**Assigned task**. Skipping all images, output the listing word for word.

**Available data**.
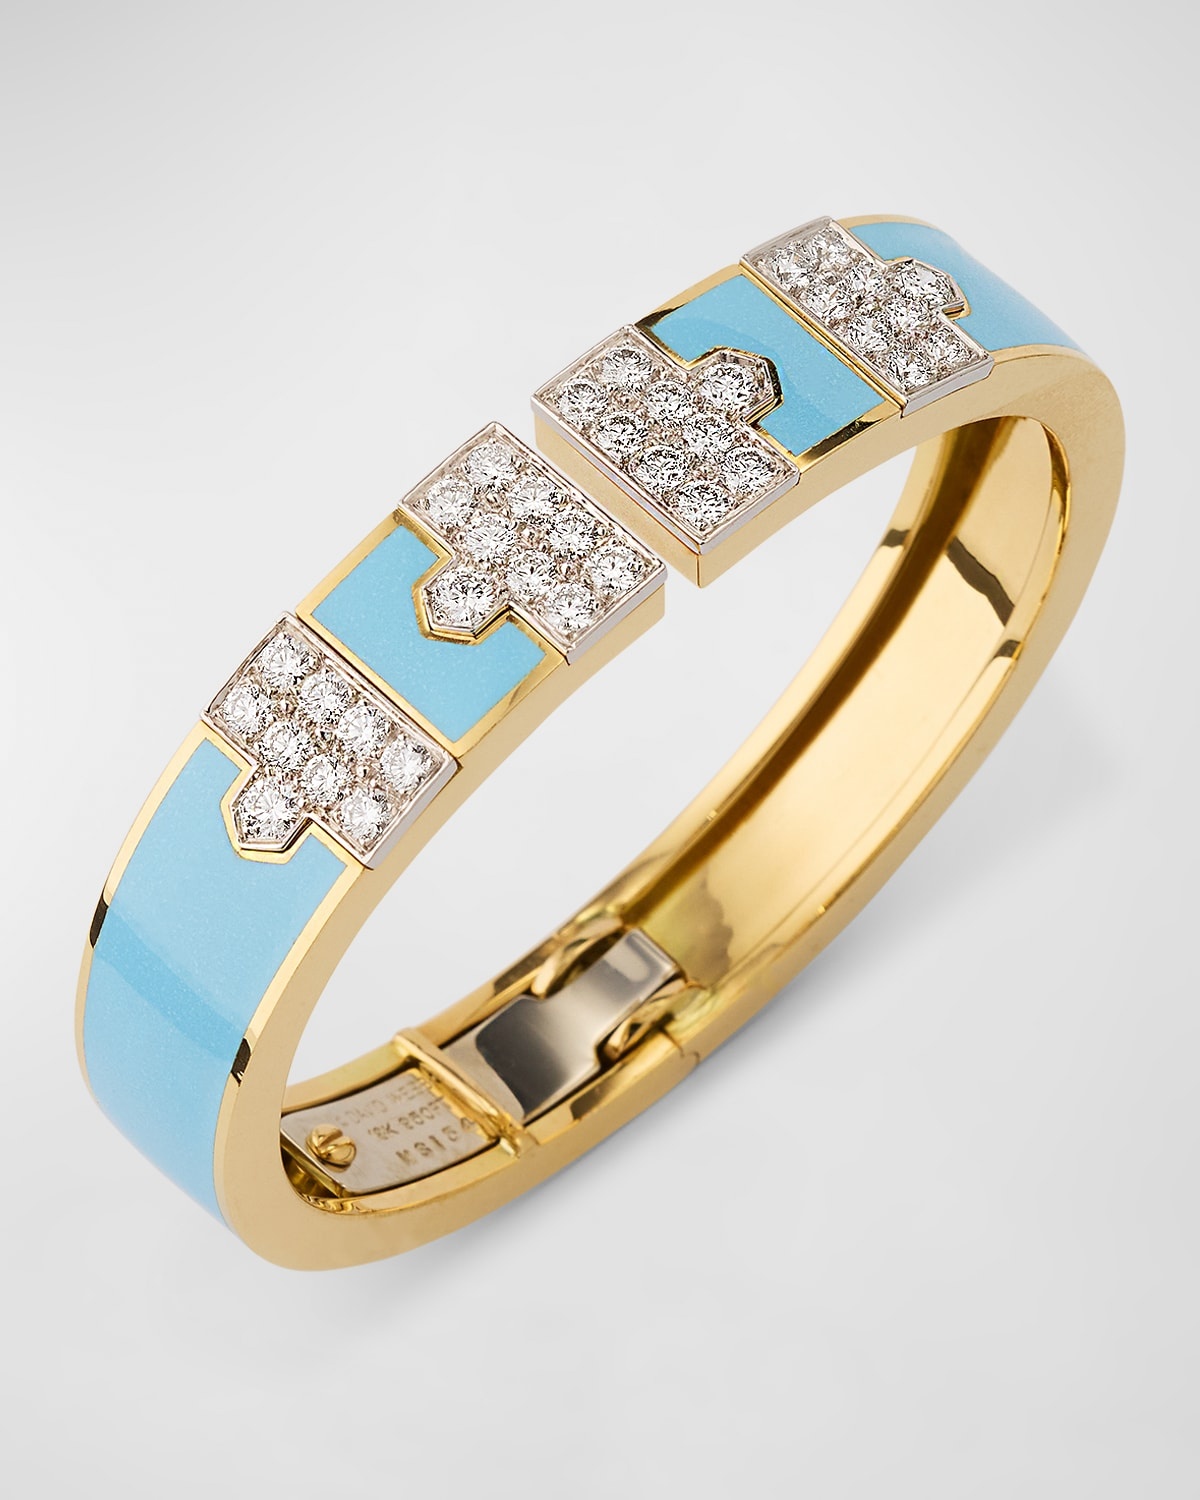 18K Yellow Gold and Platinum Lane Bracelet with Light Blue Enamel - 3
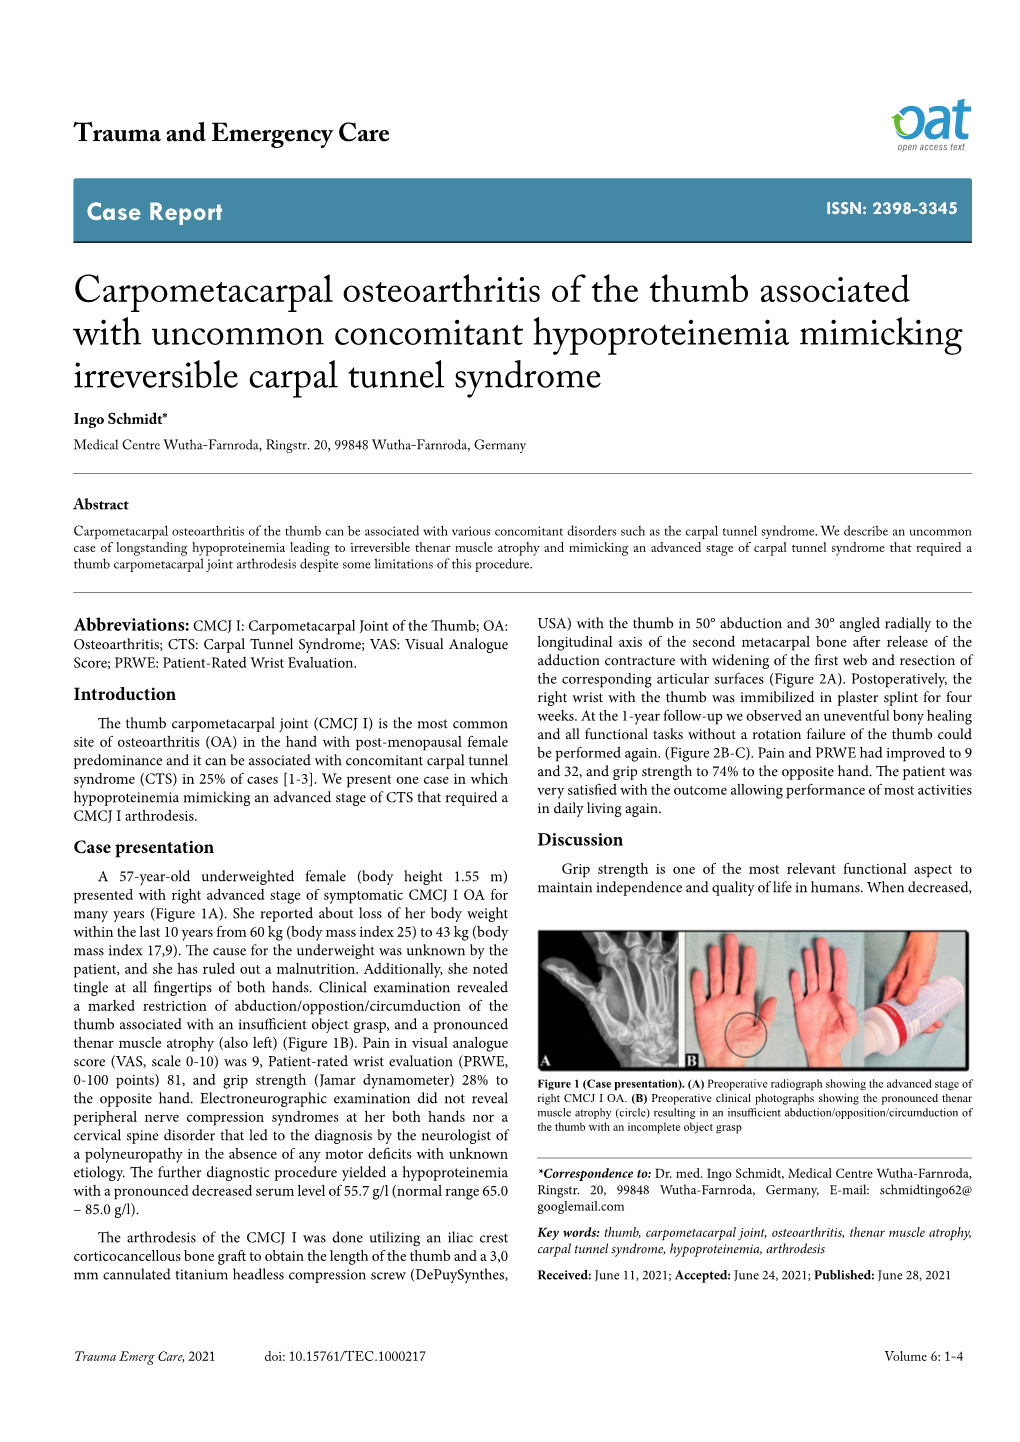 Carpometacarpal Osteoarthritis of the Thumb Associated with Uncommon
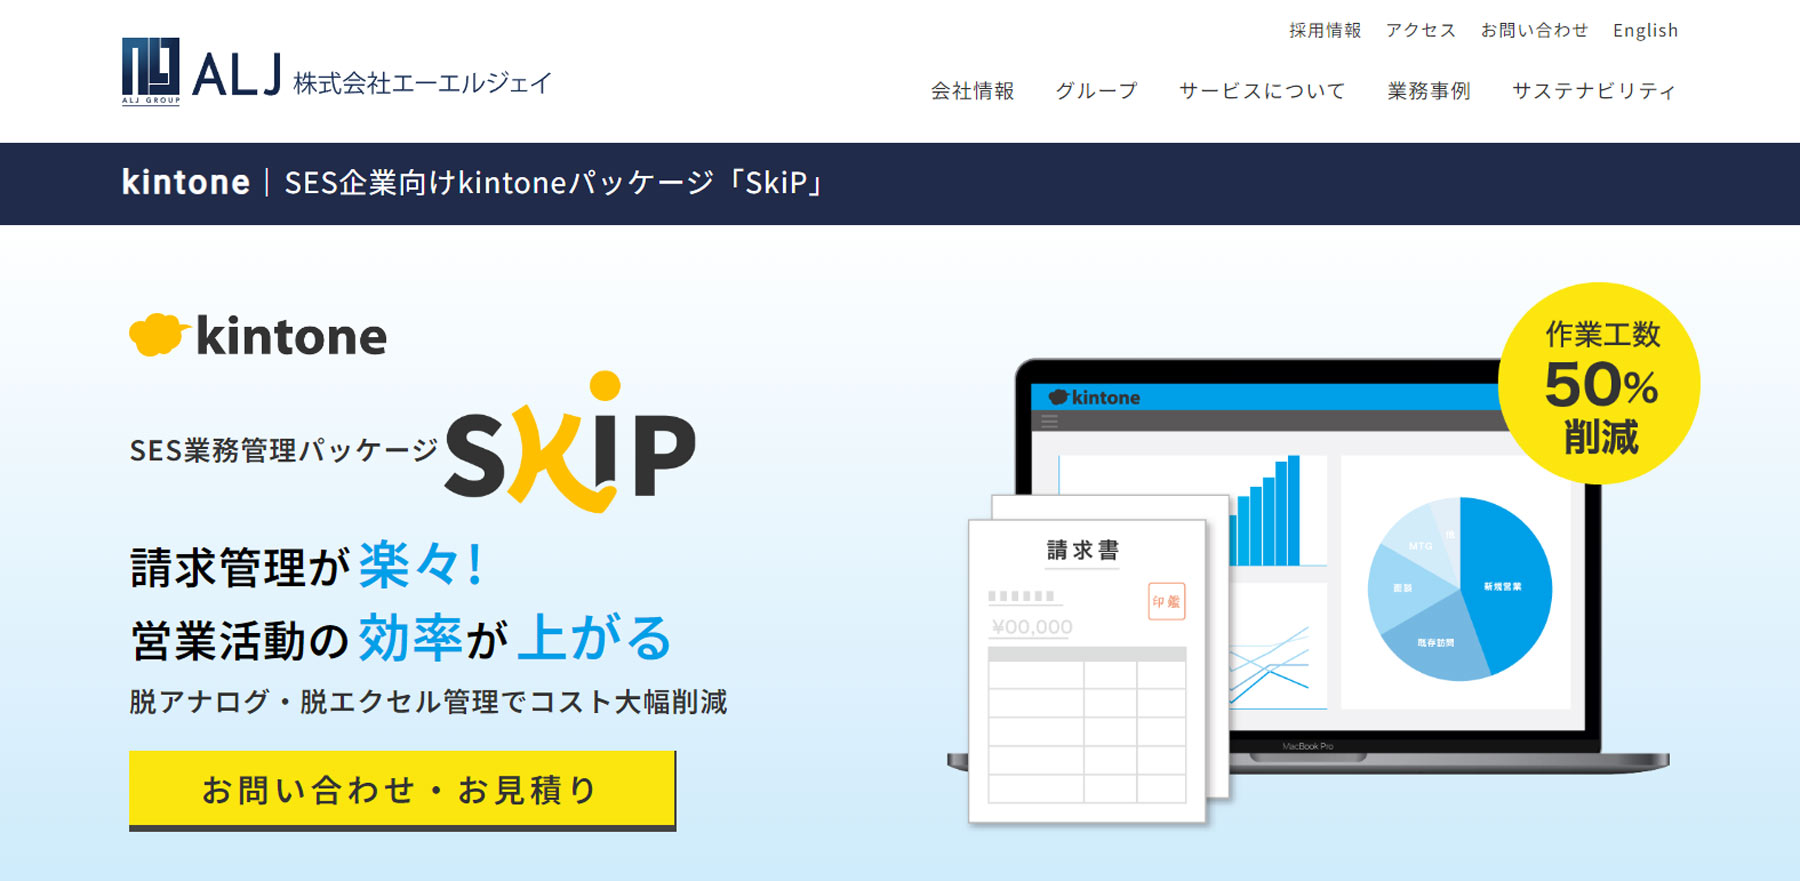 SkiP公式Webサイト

**Exercise result**.
 18K Yellow Gold and Platinum Lane Bracelet with Light Blue Enamel - 3
 Carpometacarpal Osteoarthritis of the Thumb Associated with Uncommon
 SkiP公式Webサイト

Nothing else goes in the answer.